Solvay-CNRS : four decades of scientific advancement in the field of chemicals

Bringing leading scientists together

By Anaïs Culot, CNRS Le Journal

For more than 45 years, the French National Centre for Scientific Research (CNRS) and Solvay have been working together on chemical research and its use in industry. Their goal: to develop disruptive solutions in response to societal challenges. Chemical processes, materials, green chemistry, energy storage, and so on. Let’s take a look back at the main themes of this atypical partnership.

Historically, the CNRS has  signed contracts with chemical companies since before the 1940s. Ernest Solvay - founder of the company of the same name - started organising scientific conferences in 1911, bringing together the leading scientists of his time. Marie Curie, Albert Einstein, Paul Langevin, Hendrick Lorentz and Jean Perrin discussed advances in physics and chemistry at these conferences at the beginning of the 20th century.

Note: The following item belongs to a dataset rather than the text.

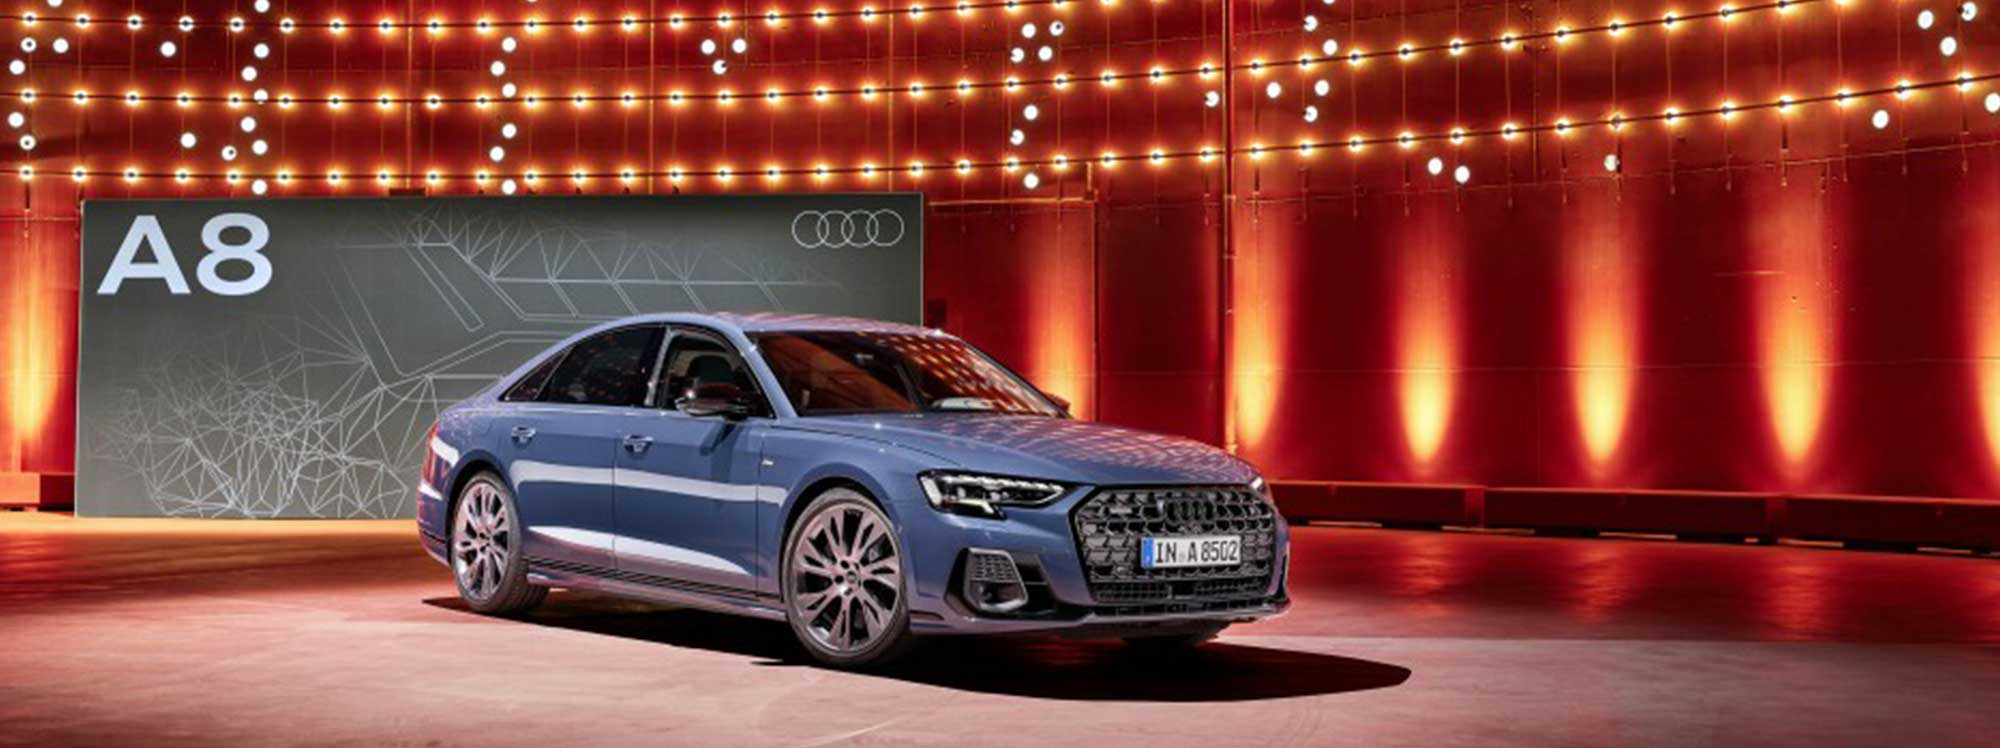 Audi A8: buque insignia de la marca con nuevo diseño y tecnología

With this compelling attraction drawing them together, it should come as no surprise that Solvay and the CNRS are renewing their 45-year old partnership yet again in 2022 through a framework agreement.

“We are collaborating on common scientific challenges, such as the development of greener processes, high-throughput methodologies such as robotics and microfluidics, more efficient catalytic systems  or the formulation of advanced materials to accelerate innovation and reduce the time to market for our products," said Patrick Maestro, Solvay's Chief Scientific Officer. Since 2006, this cooperation has resulted in over 165 patents, 370 contracts and 250 joint scientific publications . It continues to grow with over 20 new projects being initiated every year. But what exactly have they been studying all this time?

Heighten research in the area of materials physics and chemistry

The first framework agreement was signed in 1975 between the CNRS and Rhône-Poulenc, whose chemicals business has since been incorporated into Solvay through a series of mergers and acquisitions. The aim was to strengthen collaboration, which up to then was ad hoc and occasional. Theses and contracts followed one after the other and twelve years later, the two partners joined forces again to create their first mixed laboratory in Montpellier, where industrial and academic researchers carry out research on organic derivatives of silicon.

Then, in the Polymers and Advanced Materials Laboratory in Lyon¹ (LPMA), Solvay and the CNRS launched new research into materials. "Together, we studied the impact of reinforcements within polymers and elastomers. We wanted to understand what happens when you embed nano-sized amorphous silica grains in a rubber," explains Patrick Maestro. The knowledge gained is of particular interest to the tire industry. Indeed, integrating silica makes it possible to change the tire's properties (resistance, grip, etc.) and improve its energy efficiency.

 
Revealing the secrets of soft matter

On six occasions, the two partners adopted the mixed facility format in France and abroad (IRL). "They enable us to initiate long-term research on major fundamental themes that are upstream from our R&D. The ambition is to develop top-level skills and cutting edge techniques that will become the industrial methods of tomorrow," said Solvay's CSO. In the United States, the CNRS and its partner joined forces in the mid-1990s with Princeton University and then with the University of Pennsylvania (UPenn)  to work on soft matter².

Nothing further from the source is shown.